Selamat Ya Rupiah Masuk Klub Elite Mata Uang Dunia Smartpower Media 1

Hari ini rupiah memang melemah di hadapan dolar Amerika Serikat (AS). Namun keperkasaan rupiah akhir-akhir ini membuat mata uang Tanah Air masuk ‘klub elit’. Pada Rabu (10/06/2020) pukul 14:00 WIB, US$ 1 setara dengan Rp 13.980. Rupiah melemah 1,01% dibandingkan posisi penutupan perdagangan hari sebelumnya.

Akan tetapi, rupiah sudah menunjukkan performa yang luar biasa sejak memasuki kuartal II-2020. Selepas Maret yang ‘gila’, rupiah langsung balas dendam dengan sangat cepat. Sejak awal kuartal II hingga kemarin, rupiah telah menguat 15,03% di hadapan dolar AS. Penguatan itu berhasil menghapus koreksi parah yang terjadi pada Maret.
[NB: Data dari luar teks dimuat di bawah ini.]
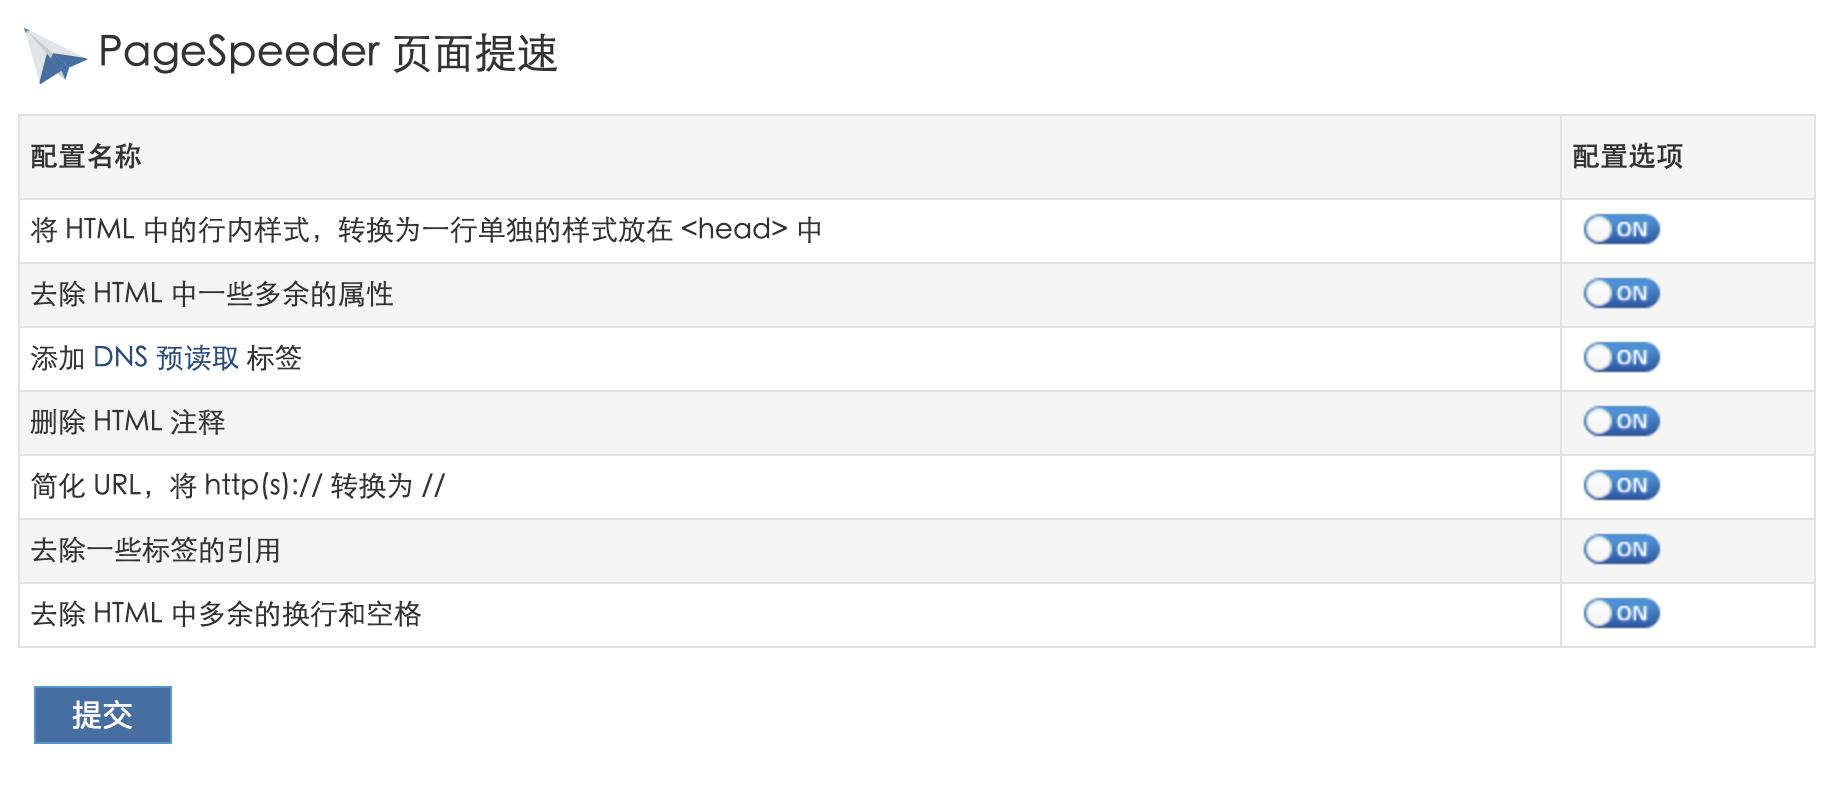 zblog php页面提速插件PageSpeeder  第1张

Hasilnya, rupiah kini sudah menguat secara year-to-date meski apresiasinya tipis saja yaitu 0,29%. Tidak banyak mata uang yang bisa melakukannya. Di antara mata uang utama dunia, rupiah kini berada di peringkat ke-6. Rupiah menjadi satu-satunya mata uang ASEAN yang masuk ‘klub elit’ tersebut.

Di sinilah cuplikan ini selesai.